Imai Hideaki, Konno Kenjiro, Nakamura Mitsunobu, Shimizu Tatsuya, Kubota Chisato, Seki Koji, Honda Fumiaki, Tomizawa Shinichiro, Tanaka Yukitaka, Hata Hidekazu, Saito Nobuhito
Department of Neurosurgery, Institute of Experimental Animal Research, Gunma University Graduate School of Medicine, Maebashi, Gunma, Japan.
J Neurosurg. 2006 Feb;104(2 Suppl):123-32. doi: 10.3171/ped.2006.104.2.123.
The purpose of this set of studies is to design a minimally invasive, reproducible stroke model in the gyrencephalic brain. This paper provides information on both surgical technique and methods of quantification of ischemic damage to both gray and white matter in the miniature pig.

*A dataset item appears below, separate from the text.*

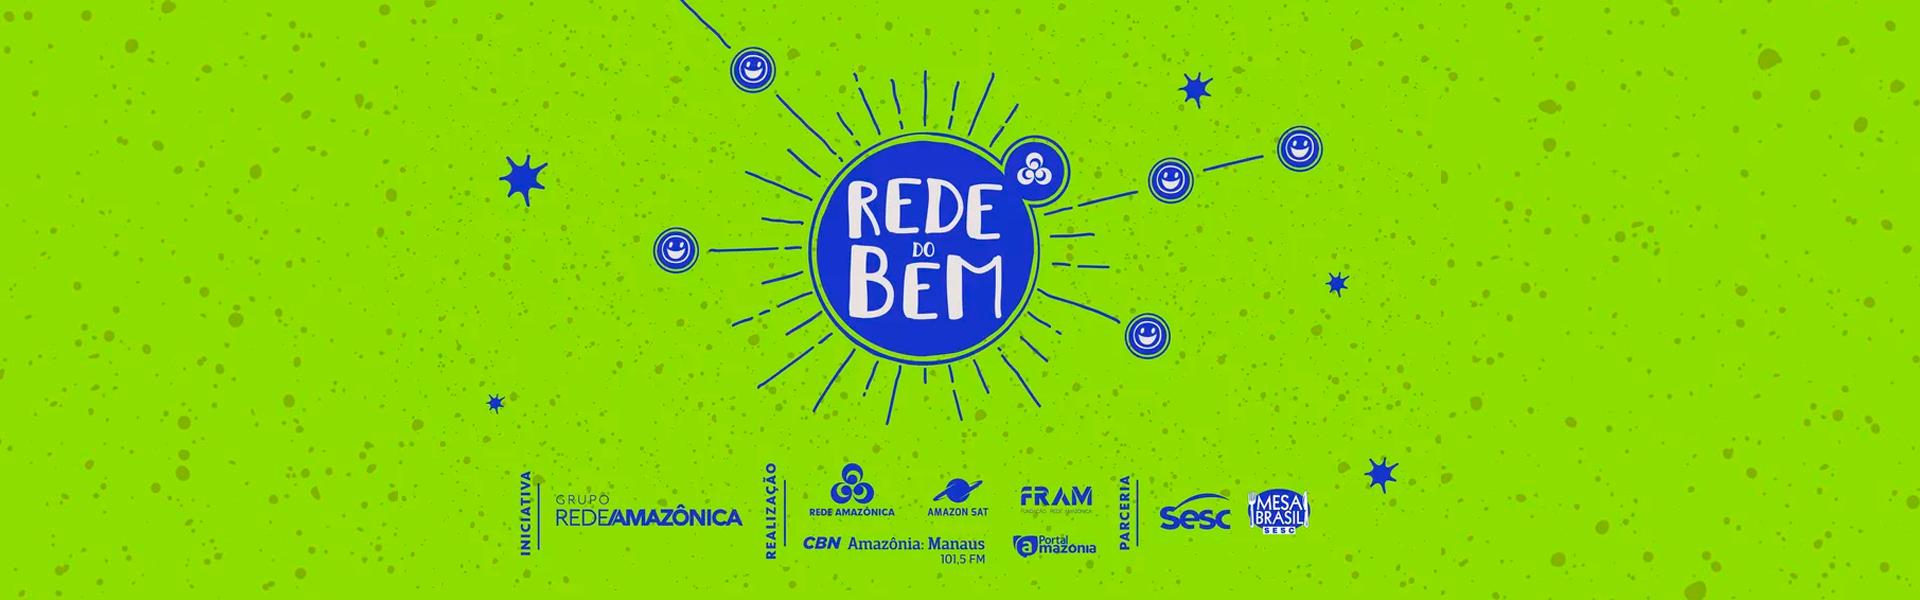 Rede do Bem: Saiba quais são os pontos de coleta em Macapá

Sixteen male miniature pigs were randomly divided into three groups and underwent transcranial surgery involving a frontotemporal approach with orbital rim osteotomy for permanent middle cerebral artery occlusion (MCAO; five animals), permanent internal carotid artery occlusion (ICAO; six animals), and a sham operation (five animals). Histological mapping and magnetic resonance (MR) imaging were used to delineate the areas of ischemic damage. The volumes of infarction measured directly from MR images were 16.2 +/- 1.1, 1.5 +/- 0.5, and 0.0 +/- 0.0 cm3 (mean +/- standard deviation [SD], p < 0.001) in the MCAO, ICAO, and sham-operated groups, respectively. The areas of ischemia identified through histological analysis and MR imaging showed a good correlation (r2 = 0.86, p < 0.0001). Immunohistochemical staining with an amyloid precursor protein (APP) antibody was used to evaluate axonal damage and calculate a total APP score for axonal damage of 44.8 +/- 2.9 in the MCAO, 13.2 +/- 6.6 in the ICAO, and 0.0 +/- 0.0 (mean +/- SD, p < 0.002) in the sham-operated animals.
This new model of focal cerebral ischemia induces a reproducible amount of ischemic damage in both gray and white matter, and has significant utility for studies of the pathophysiology of ischemia in the gyrencephalic brain and for assessment of the therapeutic efficacy of drugs prior to the initiation of human clinical trials.
本系列研究的目的是在脑回脑构建一种微创、可重复的中风模型。本文提供了小型猪脑缺血性损伤的手术技术及灰质和白质损伤定量方法的相关信息。
16只雄性小型猪随机分为三组,接受经颅手术,采用额颞入路并眶缘截骨术以永久性大脑中动脉闭塞(MCAO;5只动物)、永久性颈内动脉闭塞(ICAO;6只动物)以及假手术(5只动物)。组织学绘图和磁共振(MR)成像用于描绘缺血损伤区域。分别从MR图像直接测量的梗死体积在MCAO组、ICAO组和假手术组中为16.2±1.1、1.5±0.5和0.0±0.0 cm³(均值±标准差[SD],p<0.001)。通过组织学分析和MR成像确定的缺血区域显示出良好的相关性(r² = 0.86,p<0.0001)。使用淀粉样前体蛋白(APP)抗体进行免疫组织化学染色以评估轴突损伤,并计算轴突损伤的总APP评分为:MCAO组44.8±2.9,ICAO组13.2±6.6,假手术动物组为0.0±0.0(均值±SD,p<0.002)。
这种新型局灶性脑缺血模型在灰质和白质中均可诱导出可重复的缺血性损伤量,对于脑回脑缺血病理生理学研究以及在人类临床试验启动前评估药物治疗效果具有重要作用。